Delivered an onboarding experience for short-term rental homeowners that reduced unit time to live by 50% and improved CSAT, SUS, and CES.

Year

2022-2024

Role

Background

Vacasa is the largest vacation rental management company in North America. They manage over 40,000 homes and partner with all the major booking platforms. Vacasa only makes money when homeowners make money—so getting homes live and booking quickly is critical to the business.

3 million+

guests per year

500,000+

5-star reviews

38,000+

Vacasa homes

41

U.S. states

30+ days

to set a home live

Target Outcomes

The Onboarding Problem

At Vacasa, onboarding is defined as the timeframe after an owner signs a contract with Vacasa until the home is listed on Vacasa.com and partner channels. During this phase the unit listing is built, rates are set, and on-site activities are performed to prepare the home for guests. For owners, this period represents a first impression of how Vacasa will manage their home, therefore establishing trust and good communication is essential.

When I joined this initiative, the onboarding process was messy. It took over 30 days to get a home live, relied heavily on manual work and email, and homeowners had almost no visibility into what was happening. This created a negative first impression and delayed revenue for both the homeowner and Vacasa.

Our Dual Product Strategy

Ultimately our product team landed on a strategy to create two complementary products: a powerful operational tool for coordinators on the back stage, and a consumer-grade experience for owners on the front stage. Both would share the same data and status, creating one source of truth.

Onboarding Hub

Onboarding Hub

Homeowner Wizard

Homeowner Onboarding Wizard

Onboarding Hub

The first product we tackled was the operational tool to support our internal team of onboarding coordinators. Onboarding coordinators are the project managers of the onboarding process. They are the primary contact for owners during this phase and are responsible for completing or coordinating all on-site and off-site tasks completed by Vacasa employees, contractors, and/or owners.

User Interviews

To understand the existing process, along with the motivations and obstacles that our onboarding team was facing, I conducted interviews with 5 onboarding coordinators, 4 onboarding managers, 1 sales executive, and 3 local operations managers.

We learned that onboarding coordinators were using an unruly amount of tools and documents to complete their processes and that no two coordinators did it the same way.

We also learned that the team was required to maintain a spreadsheet with the status of their units. This was a fully manual process and each coordinator spent about 5 hours per week just updating the spreadsheet.

Diary Study

In addition to interviews, I ran a diary study to understand how onboarding coordinators decide what to do next, including how they prioritize their units and tasks, who they need to talk to, and what obstacles prevent units from moving forward in onboarding.

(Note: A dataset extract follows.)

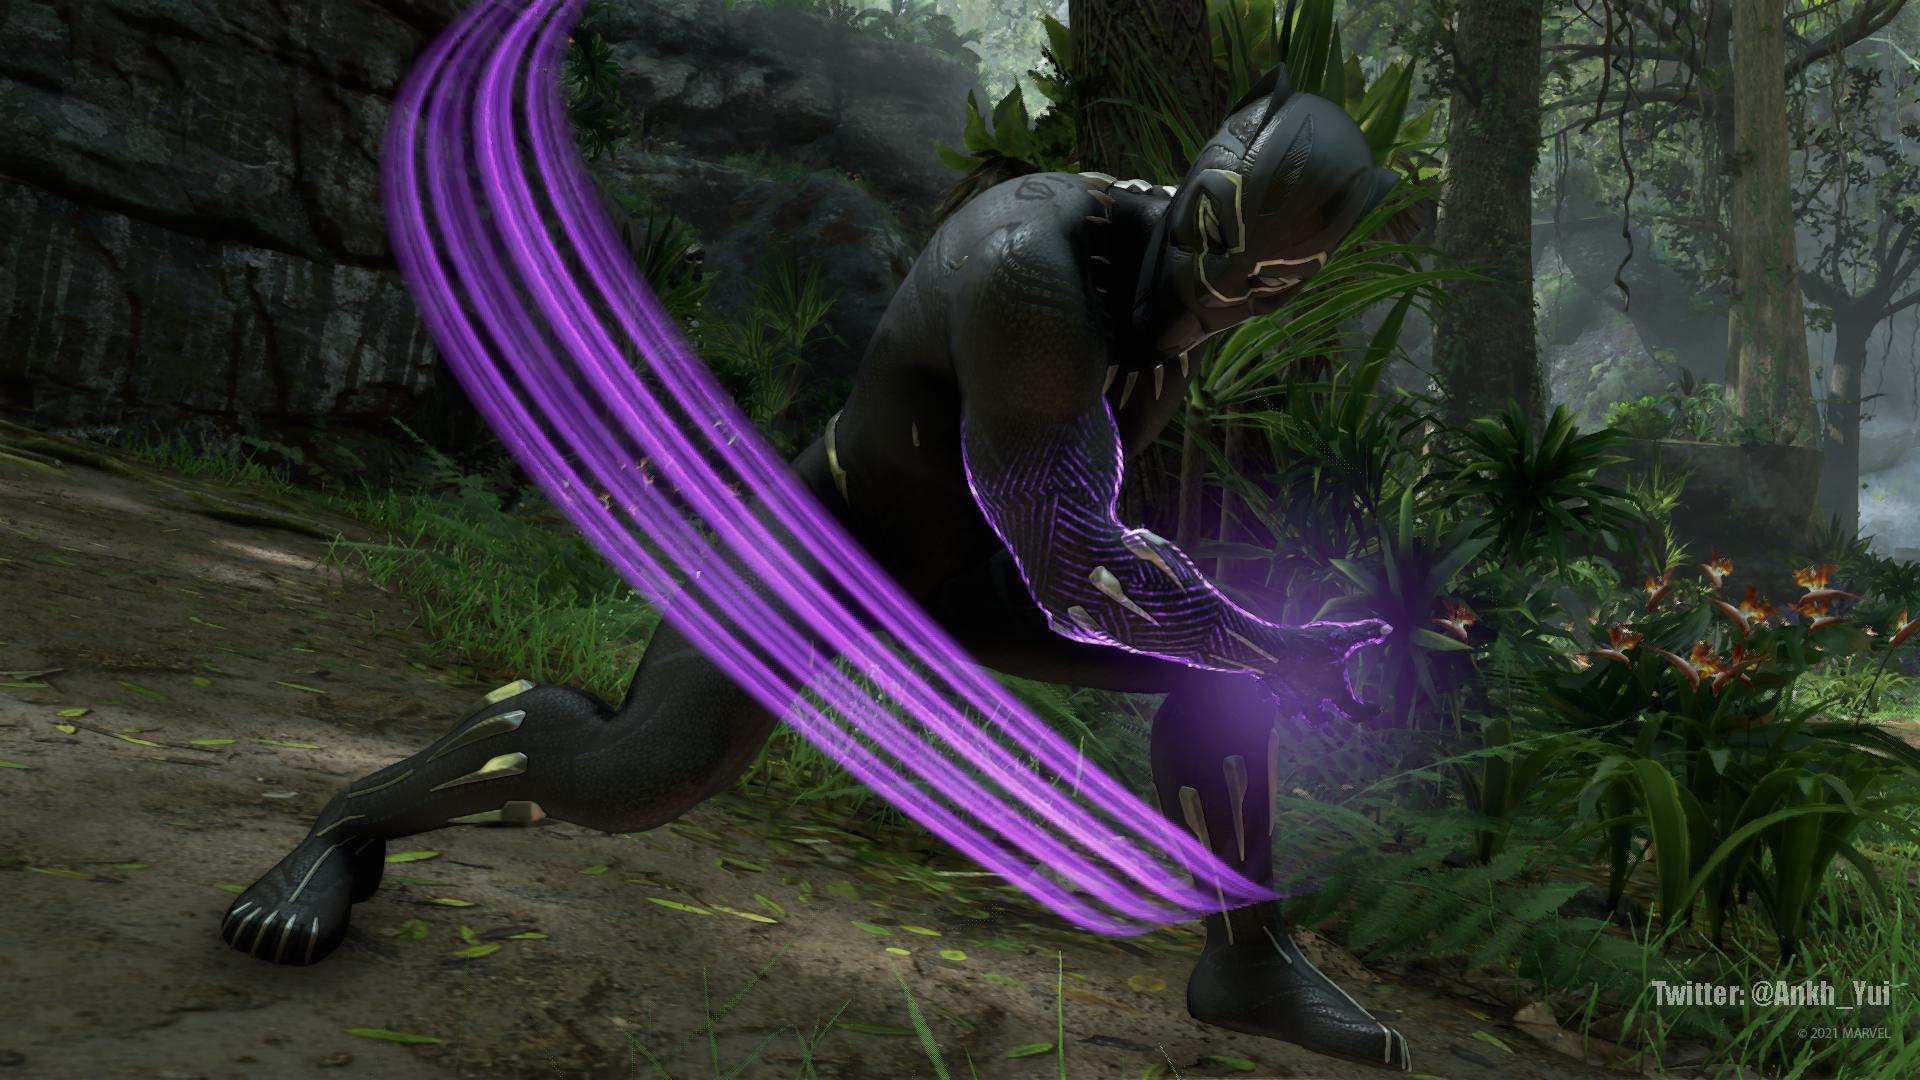 Una captura de pantalla de Black Panther con el atuendo inspirado en el Black Panther del UCM. Black Panther está entre las sombras de la jungla wakandiana. Sus brazos palpitan con energía cinética mientras corta el espacio vacío que tiene delante.

Since onboarding coordinators were evaluated based on how many homes they set live each month, the two week timeframe intentionally included a week at the end and beginning of the month so that we could compare how prioritization differed.

Design Sprint

The final activity our team did to inform the scope and design of this product was a remote design sprint.
I facilitated three days of collaboration between onboarding leadership and our product team. We identified problems/opportunities/risks, ideated on solution concepts, and gathered user feedback on concepts.
The result of this activity was a vetted design concept with alignment from stakeholders.

Features

Scope & Features

Design Decisions

Tradeoffs

Homeowner Wizard

The second product our team took on was a tool to support our B2B customer, short-term rental homeowners.Homeowners enter onboarding after they sign a contract with Vacasa. During onboarding their home listing is built, rates are set and the home is prepared to welcome guests. It is a complex and critical phase where communication and trust are essential.

User Interviews

To understand the first hand sentiments of homeowners, I interviewed five homeowners who had recently onboarded a home with Vacasa. 

We learned that homeowners felt out of the loop during the onboarding phase which could last anywhere from a few days to a few months. The information they were receiving during this time was incomplete and inconsistent. They wanted to participate, but didn’t know how or who to reach out to when they had questions.

Baseline Survey

I also ran a survey in the Vacasa Homeowner Portal to gather baseline data in a few key areas including CSAT, SUS, and CES.

Persona

These discovery activities informed a persona snapshot that I created to use as a quick reference as we made decisions throughout the product development.

The Homeowner Wizard

Scope & Features

Design Decisions

Tradeoffs

Results

Reduced time to live by 50%

The average days from the time an owner signed a contract until their home was listed on Vacasa.com and ready to receive guest went from 30 days to 15 days.

CSAT increased from 71.4 to 84.4

SUS increased from 71.3 to 77.09

CES increased from 5.69 to 5.81

By removing the need to update a spreadsheet manually, we estimated that across a team of about 100 onboarding coordinators, they gained back 2000 hours per month.